About Callgeist
The why's and how's of Callgeist
The why
Callgeist was born from a personal need. Recently, I started playing around with Twilio plus OpenAI's realtime API to create phone call-based voice agents. My first idea was to create an agent for car dealerships, following the motto: Show don't tell.
I quickly found myself calling my own agent before any meeting because I was afraid it might be down. Around this time, I came up with the idea of building an UptimeRobot version specifically for AI Voice agents.
When I told some friends of mine, who work in the call center / voice agent space, about my idea, they quickly told me they were facing the same issue I had. They encouraged me to build a tool they could use as well.
And so Callgeist was born.
Fun Fact
This project was built in just one week, showcasing the power of AI-assisted development in modern software creation. (This was obviously written by an LLMs)
The how
To get this project shipped as fast as possible, I used mostly tools I'm pretty familiar with plus the excellent Cursor IDE.
Setup
For the setup process I did not use any AI tools. I tried at first using Cursor to set up a Next15 + Shadcn + Supabase project but that didn't work very well. Instead I did it by hand.
From some previous experiments I've learned that it's best for Cursor to install all Shadcn components beforehand.
UI
To create the UI I went full in on Cursor. Since I wanted to make the UI and UX be similar to the actual UptimeRobot page (and Supabase) I simply took screenshots of their pages and gave them to Cursor. Cursor was able to generate the landing page plus all other pages. Of course I had to tell it at times it should make it more mobile friendly etc. But all in all, I saw myself only needing to change about 1% of the UI code myself.
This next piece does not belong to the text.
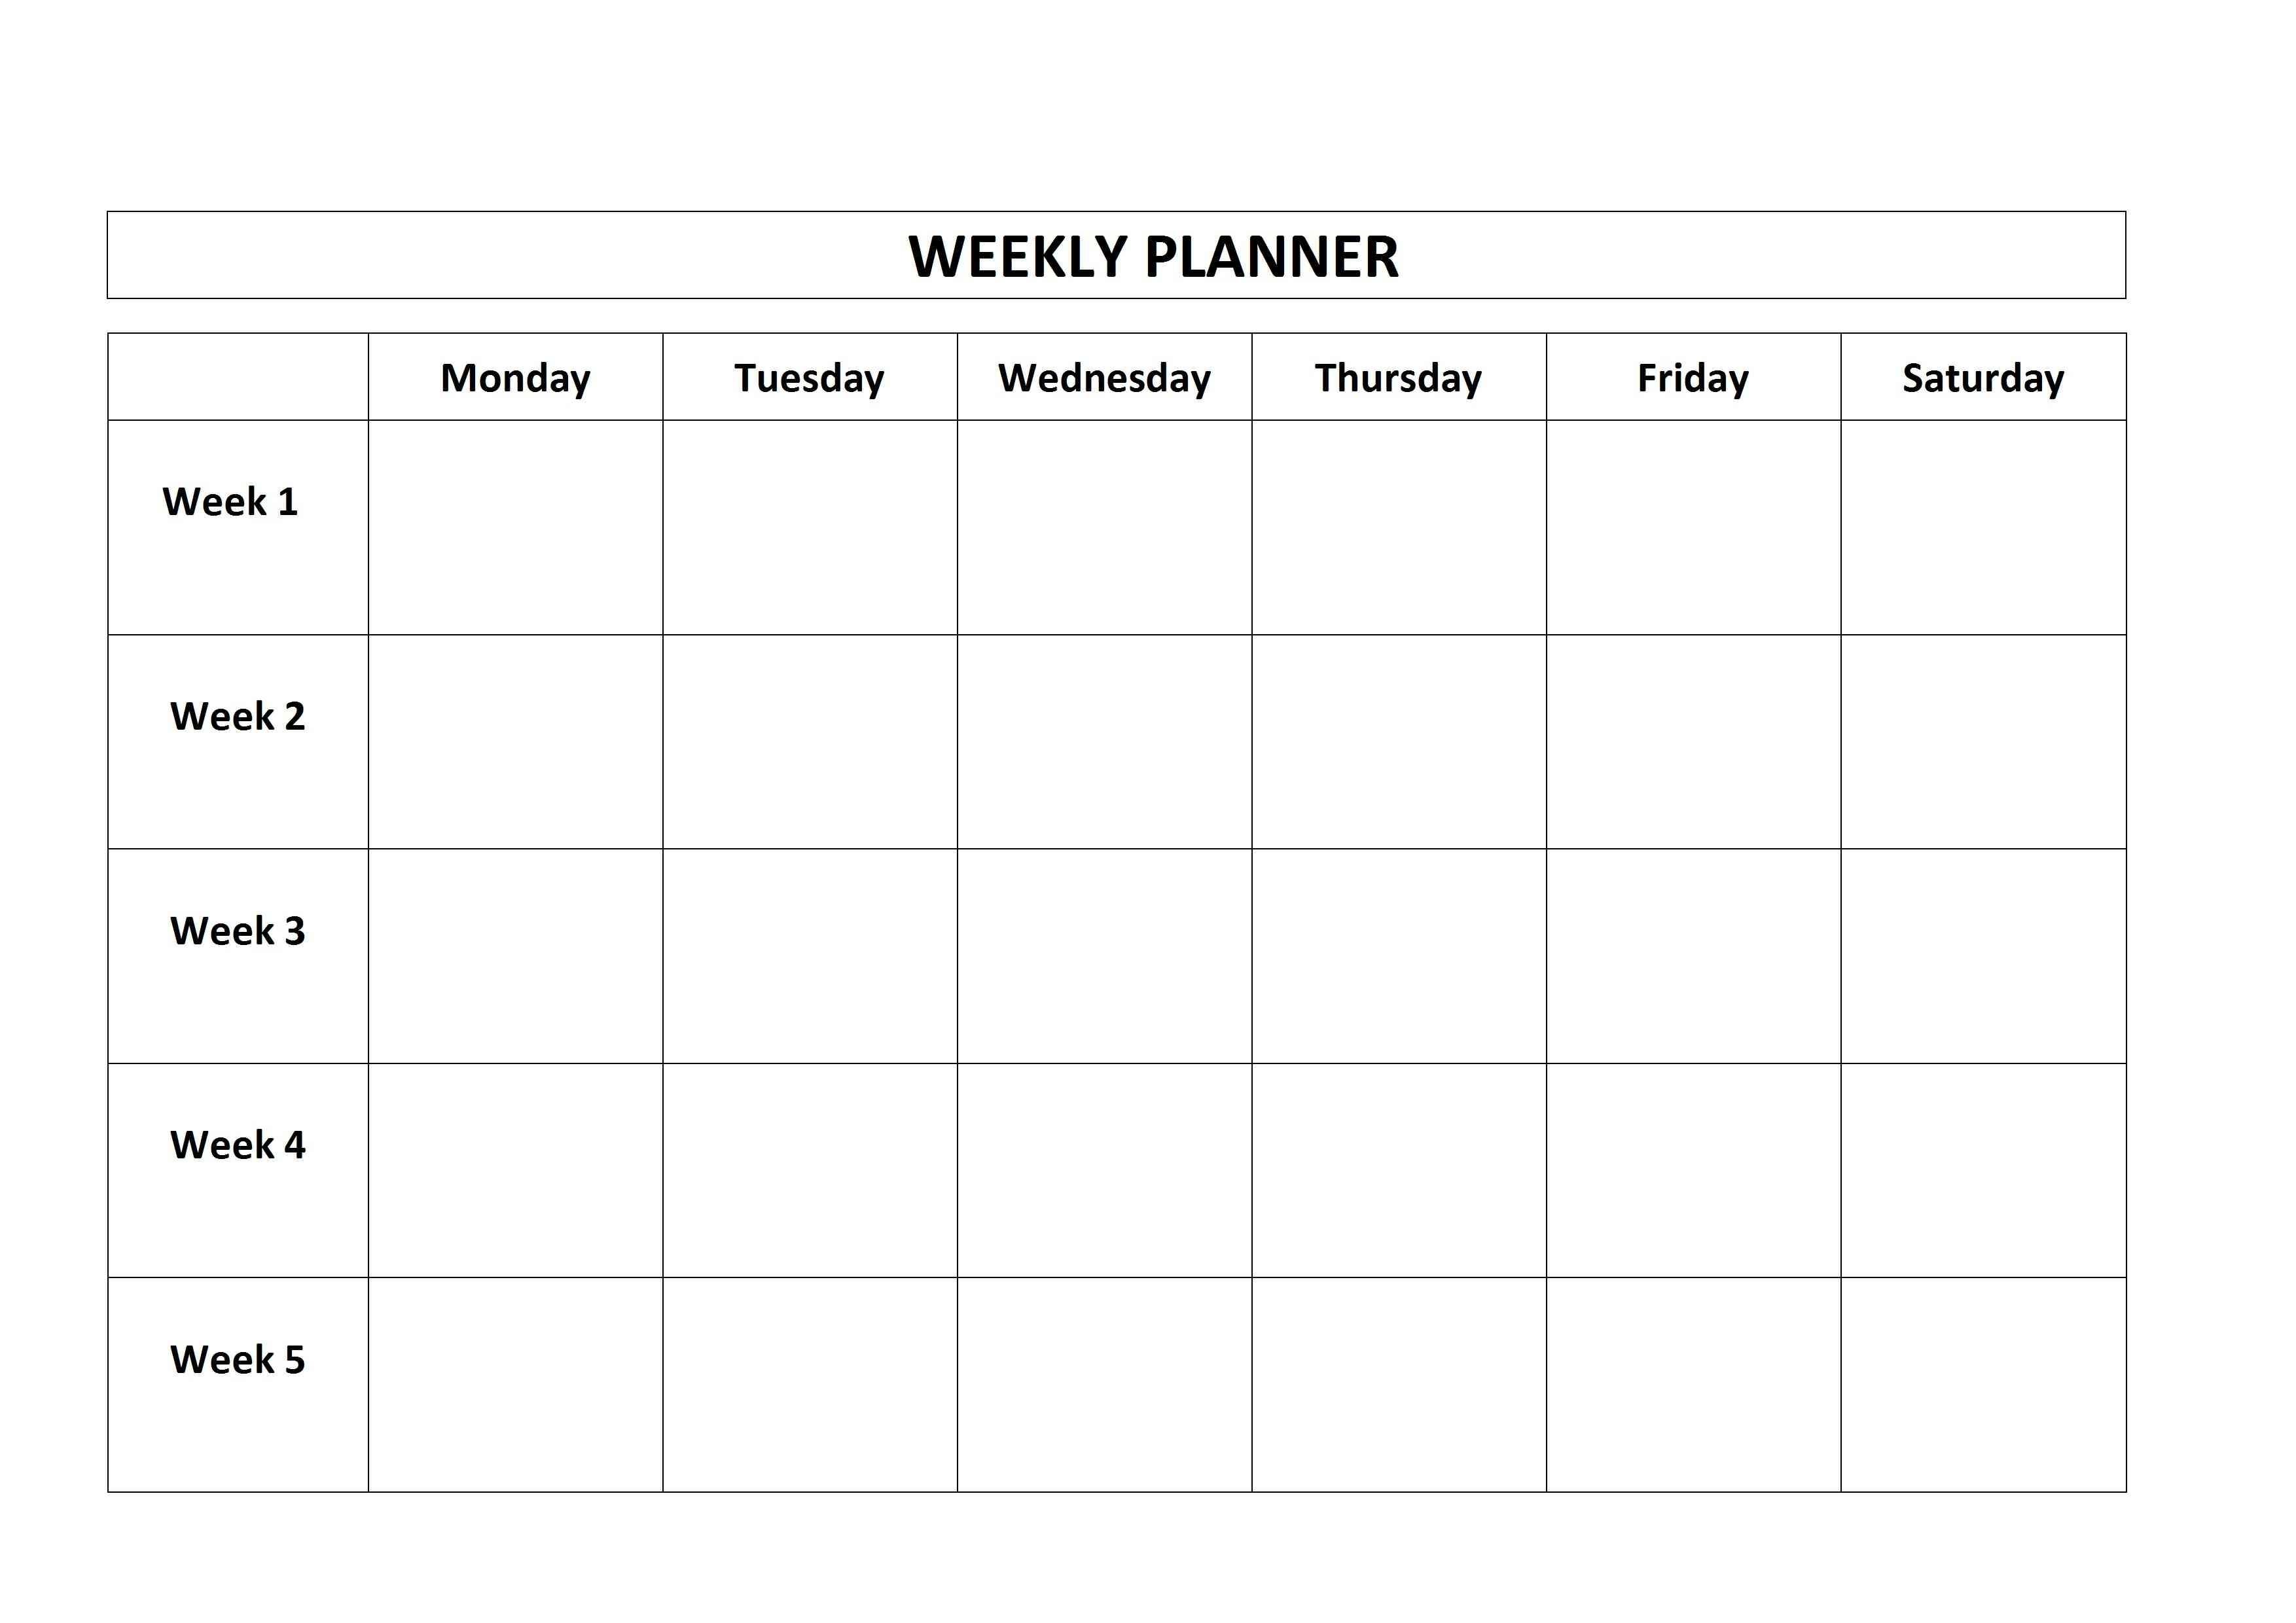 022 Two Week Calendar Template Blank Baskan Idai Co Within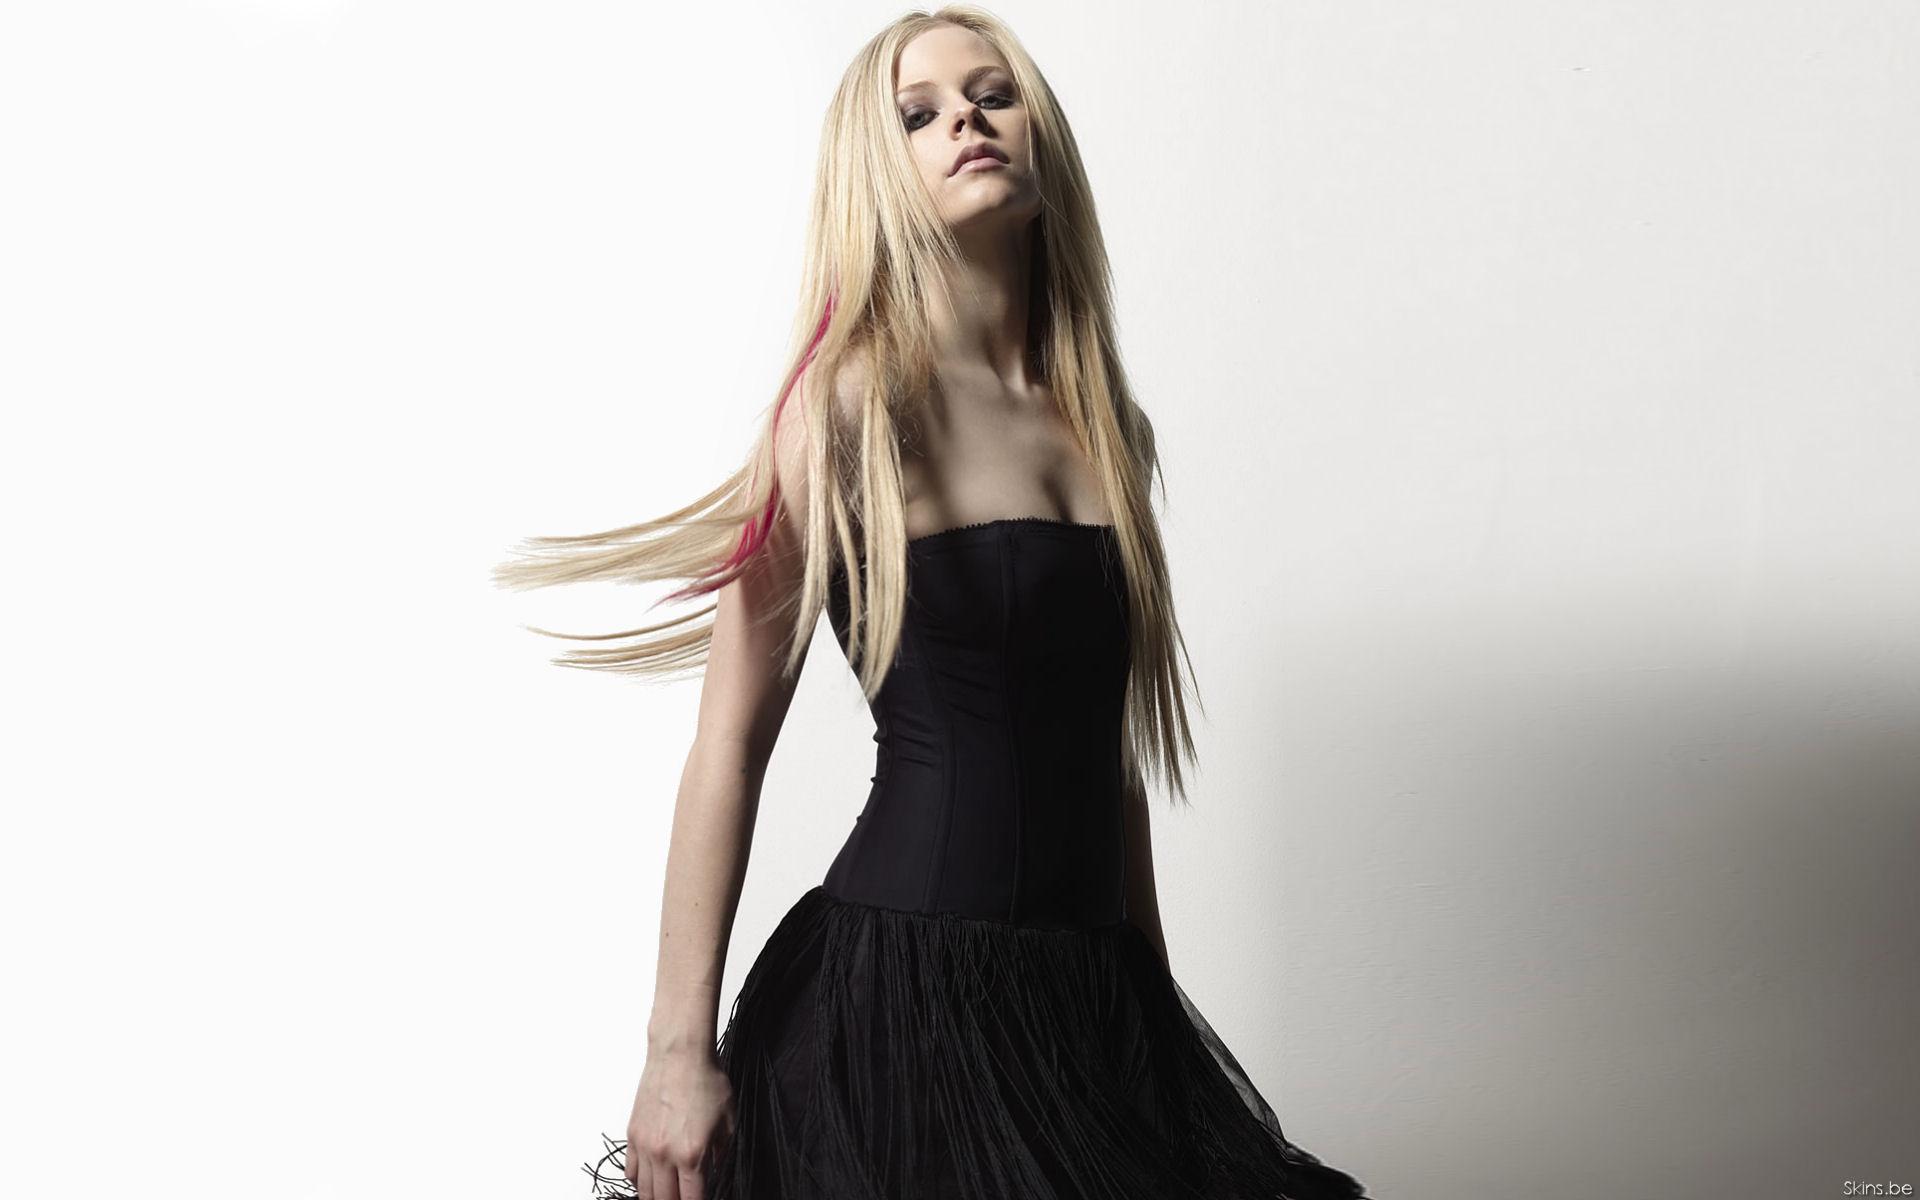 Avril Lavigne 1 Wallpapers: Avril Lavigne Desktop Wallpaper Free Download In

For the icons and video I used DALL-E and Sora. It worked pretty well. However, Sora still struggles a lot with remixes. For example, it was not able to create the landing page video with a ghostly face, as I wanted to use it for the 404 page.
Call Monitoring
Building the actual call monitoring was the most difficult part. Luckily Supabase has recently added cron jobs (via pg_cron) and websocket support to their edge functions. Which allowed me to do everything within the Supabase platform.
It took me a while to understand how the Twilio API works (start call, start stream, listen to websocket connection) and the OpenAI realtime API. I think the hardest part was to get the function calling to work (Sadly it's still a bit flaky at times) and to automatically close calls as soon as the AI was confident enough to know who attended the call.
About Voice User Interfaces (VUI)
I'm personally very invested in Voice User Interfaces (VUI). At home, my son and I use ChatGPT's voice capabilities quite a lot. For example, we ask it to pretend to be a hotel receptionist and we play going on holiday.
What I love about VUIs is that interacting with them comes naturally to humans. I can see my parents and my kid interact with VUIs without needing any training. They simply talk to it like they do to any other person. I really believe VUIs will change the way people in general interact with computers in the near future.
Of course I mustn't hide that my PhD thesis was about how voice agents might be used to influence people on a greater scale. I wrote my thesis about 8 years ago, but only now are the things we thought about becoming reality. It's a bit scary but also pretty cool.